Microsoftは今月の最新のセキュリティ更新プログラムで、3件のゼロデイ脆弱性を修正した。いずれも現実の環境で活発に悪用されている。
10月の パッチチューズデーでは104件の脆弱性が修正され、そのうち「Critical(重大)」とラベル付けされたのは12件のみだった。これらはすべてリモートコード実行(RCE)のバグだが、今月は合計で45件のRCE脆弱性が一覧に挙がっている。
CVE-2023-41763はSkypeの特権昇格の脆弱性で、攻撃者が特別に細工したネットワーク呼び出しを標的のSkype for Businessサーバーに送信できるようになると、Ivantiのセキュリティ製品担当VPであるChris Goettl氏は述べている。

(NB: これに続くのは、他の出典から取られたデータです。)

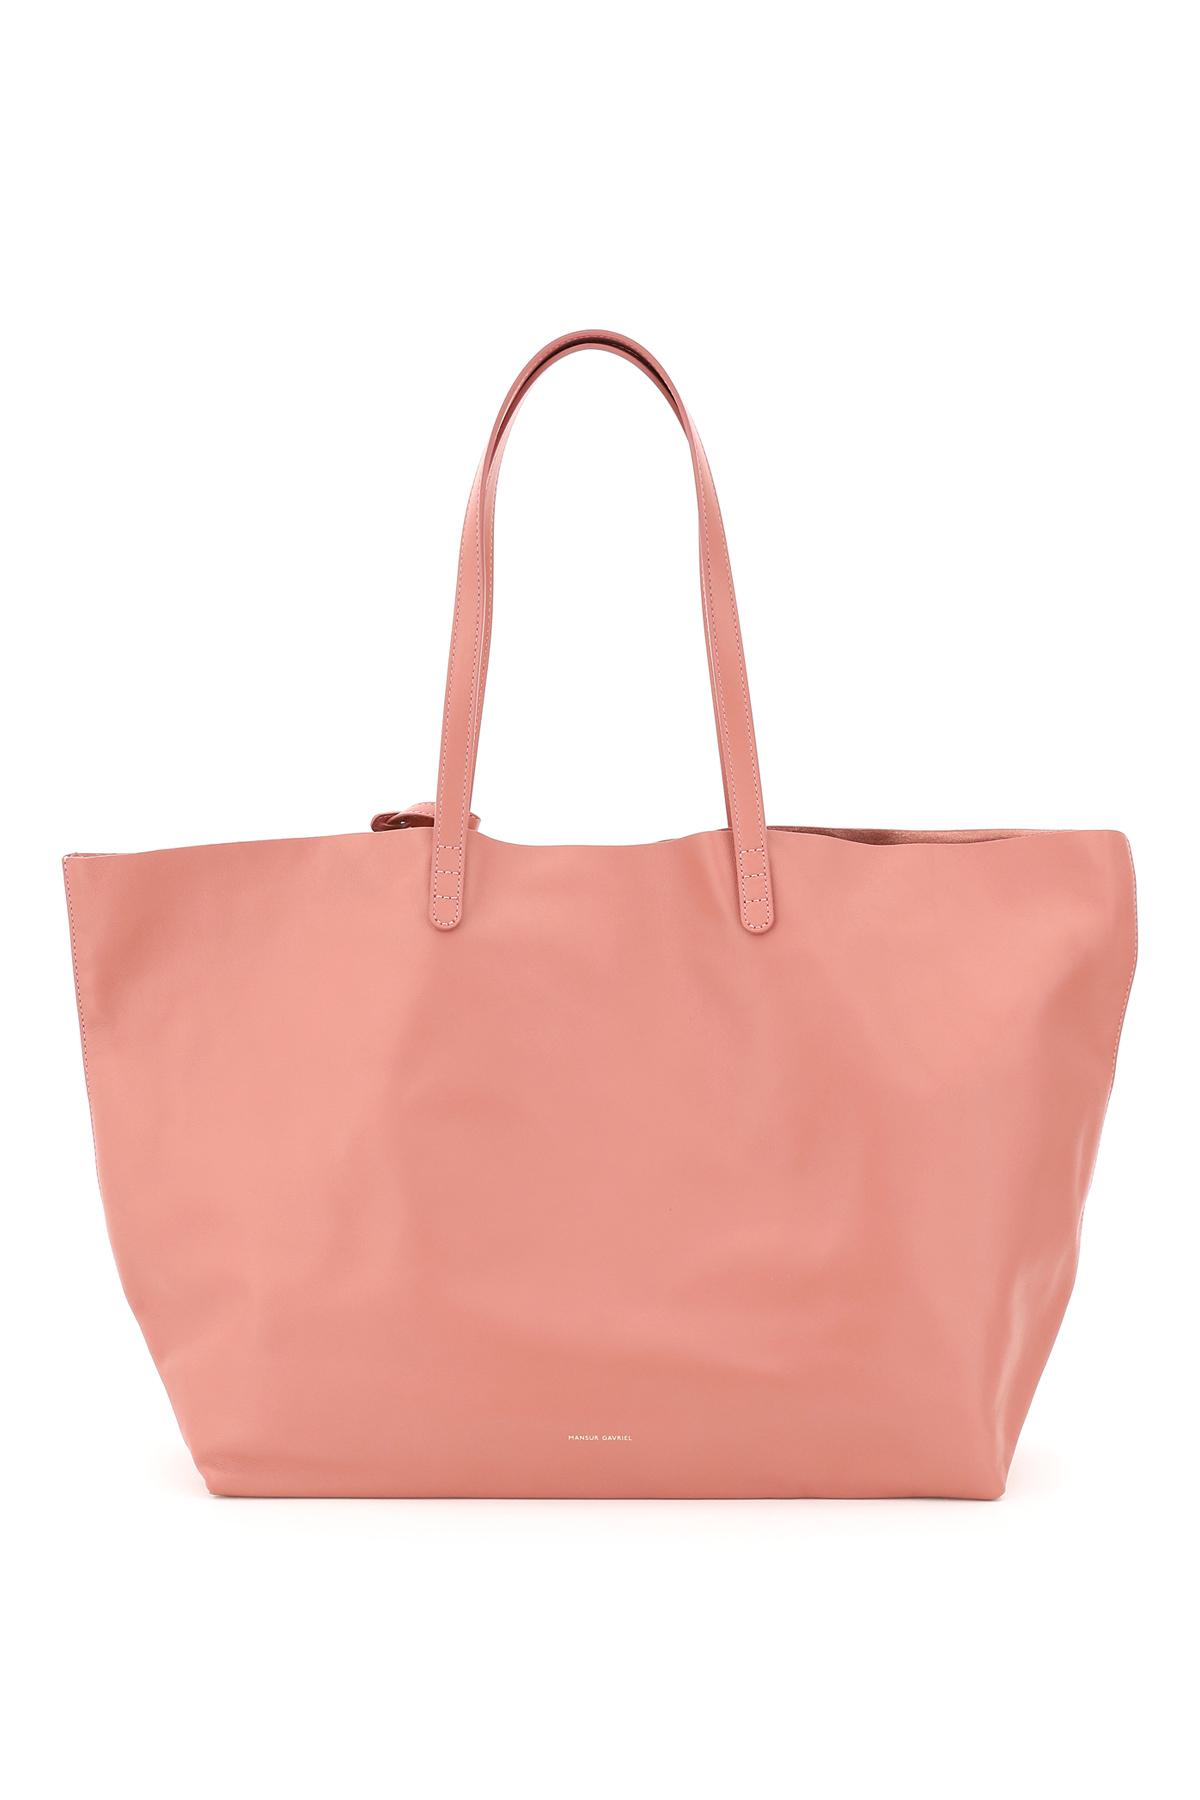 MANSUR GAVRIEL OVERSIZE NAPPA TOTE BAG OS Pink Leather

「そのネットワーク呼び出しにより、任意のアドレスに対して行われたHTTPリクエストの解析が引き起こされる可能性があります。これにより、IPアドレスやポート番号、またはその両方が攻撃者に漏えいする可能性があります」と同氏は説明した。
「このCVEはImportant(重要)と評価され、CVSS v3.1は5.3ですが、概念実証コードが公開されており、現実の環境での悪用も検知されています。悪用リスクがあるため、このCVEはImportantよりも高い深刻度として扱うべきです。」
2つ目のゼロデイはCVE-2023-36563で、WordPadの情報漏えいの脆弱性であり、NTLMハッシュの漏えいを可能にする。今回もこのバグはImportantとしか評価されていないが、現実の環境で悪用されているため、パッチ適用は優先事項とすべきだ。
最後のゼロデイは、Rapid Resetによるサービス拒否(DoS)脆弱性CVE-2023-44487で、8月以降、これまでに観測された中でも最大級のDDoS攻撃の一部を実行するために現実の環境で悪用されてきた。
「この脆弱性はWindows OSおよびVisual Studio、.Net、ASP.Netで解決されています」とGoettl氏は説明した。「このCVEにはCVSSが算出されておらず、Microsoftの深刻度評価もImportantにとどまっていますが、活発に悪用されているため、このCVEはより高い深刻度として扱うべきです。」
一方で、Rapid7のリードソフトウェアエンジニアであるAdam Barnett氏は、今月修正された12件の重大なRCEバグのうち3分の2が、同じWindowsコンポーネントであるレイヤー2トンネリングプロトコルに存在すると説明した。
該当するのは次のとおり:
- CVE-2023-41765
- CVE-2023-41767
- CVE-2023-41768
- CVE-2023-41769
- CVE-2023-41770
- CVE-2023-41771
- CVE-2023-41773
- CVE-2023-41774
「レイヤー2トンネリングプロトコルの各重大RCEの悪用は、ルーティングとリモートアクセスサービス(RRAS)サーバーに対する特別に細工したプロトコルメッセージによって行われます」とBarnett氏は述べた。
「CVEは通常、連番で付与されますが、その並びに欠番があります。ここから導けるもう一つの妥当な推測は、同様の未公開の脆弱性が他にも特定され、MSRCに報告されている可能性が高いということです。」